Abstract
The VTIR layer, “Visibly Transparent Infrared Reflective,” can divide the incoming sunlight into two distinct regions: visible and infrared. It does this by reflecting the photons whose wavelength is identical to that of infrared while allowing the visual component of the electromagnetic spectrum to pass through it. Because of this, the layer can separate the incoming sunlight into two distinct regions: the visible and the infrared. This layer is generated on the surface of solar modules, which are structured to concentrate the reflected infrared radiation onto a thermal absorber tower. This allows for the formation of this layer. Solar modules are protected from overheating by being limited in their exposure to unfiltered regions of the electromagnetic spectrum corresponding to visible light. Because of this, they have not lost any of their efficacies.

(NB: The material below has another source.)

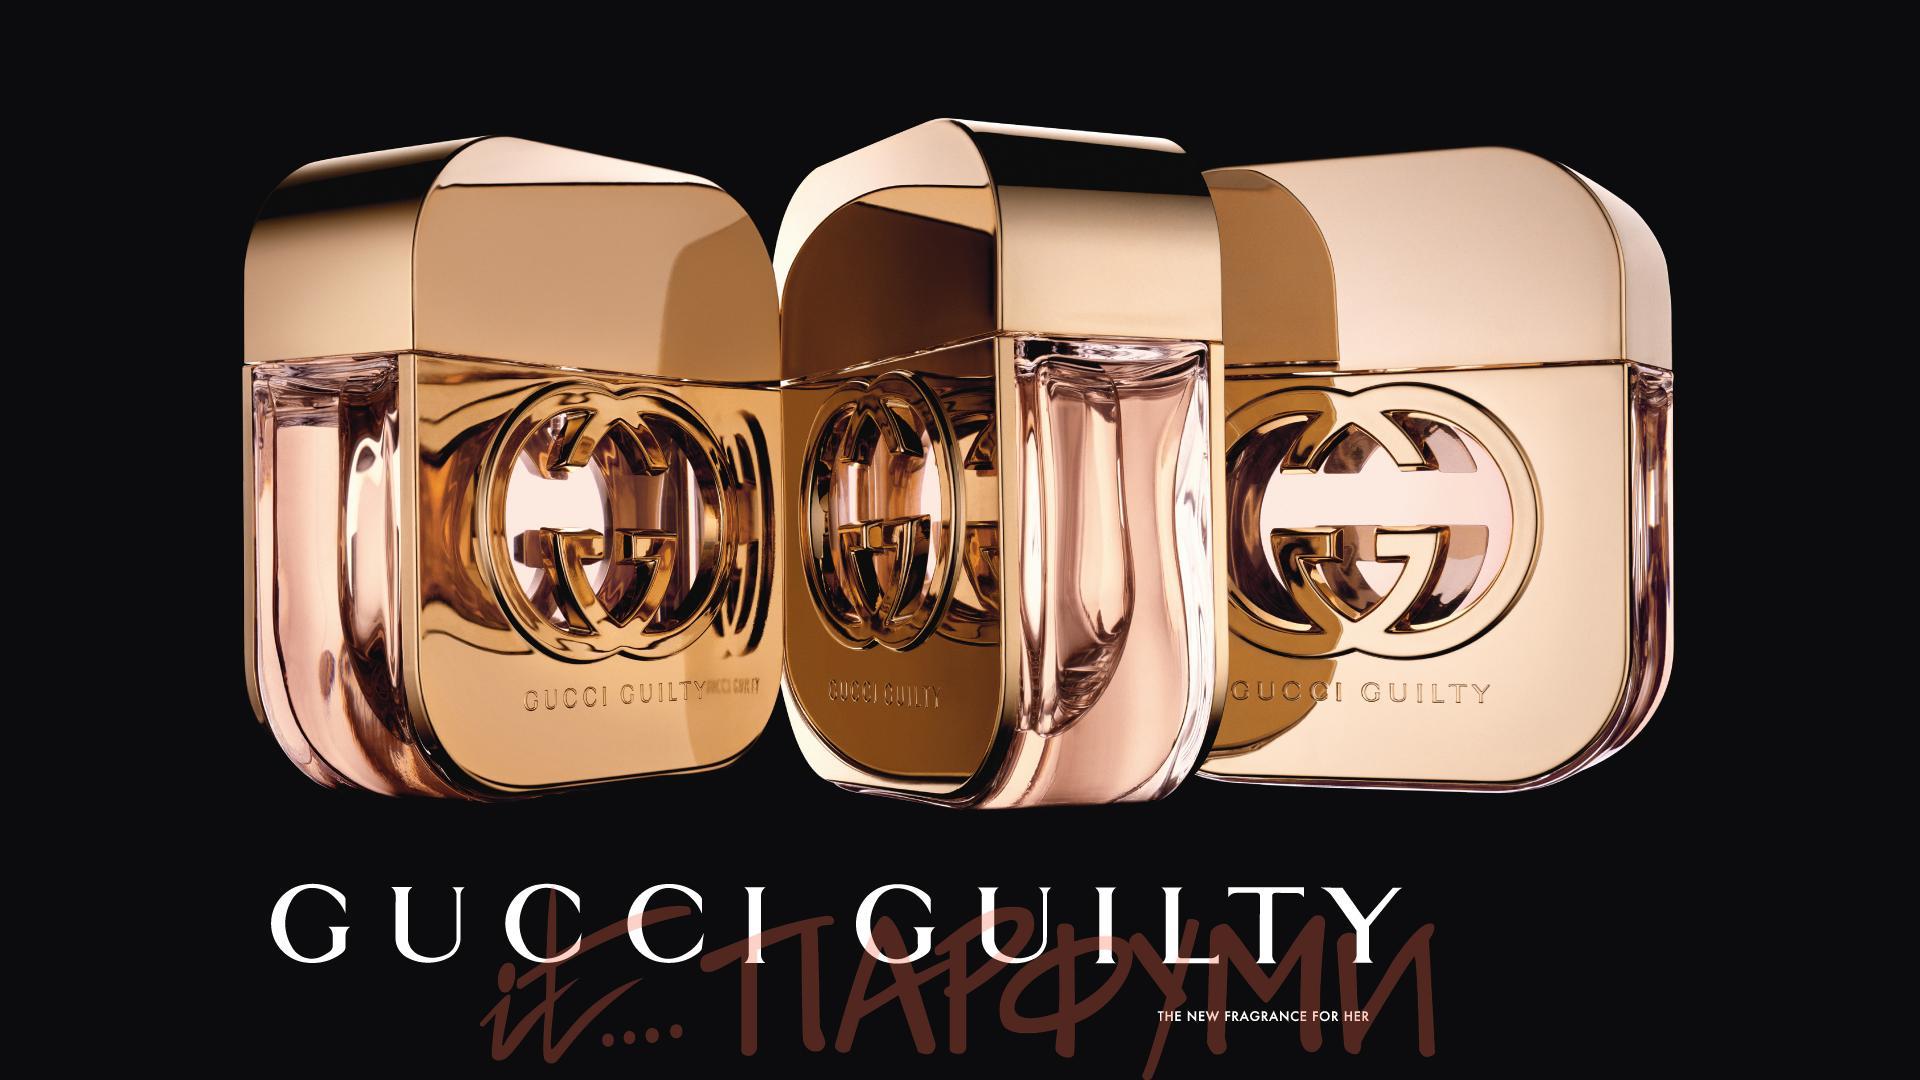 IT-Parfume Gucci Guilty 620da225c75c5

A thermal exchanger is used to transfer the thermal energy that was initially given to the tower into a heat-conducting fluid. This is used in producing electricity, hydrogen, or energy storage in a thermal storage tank, steam boiler, or electrolyzer, respectively. The azimuth and zenith angles of the sun are inputs sent to the sophisticated controller that is built on artificial intelligence and machine learning by the relevant sensors. The system will then provide real-time instructions for each solar module or table, instructing it to modify its tilt angle along two axes based on location. This guarantees that the most significant quantity of the sun’s rays will strike it and be reflected toward the tower. Because of this, it is projected that the system’s overall efficiency will be increased by around fifty percent per square meter by vertically integrating two different types of solar technology.
doi: 10.17756/nwj.2023-s4-013
Citation: Mesa RSVP, Govada R. 2023. Solar Intercrossed Advanced Technology SiC: Capturing Solar (Light + Thermal) Energy. NanoWorld J 9(S4): S73-S76.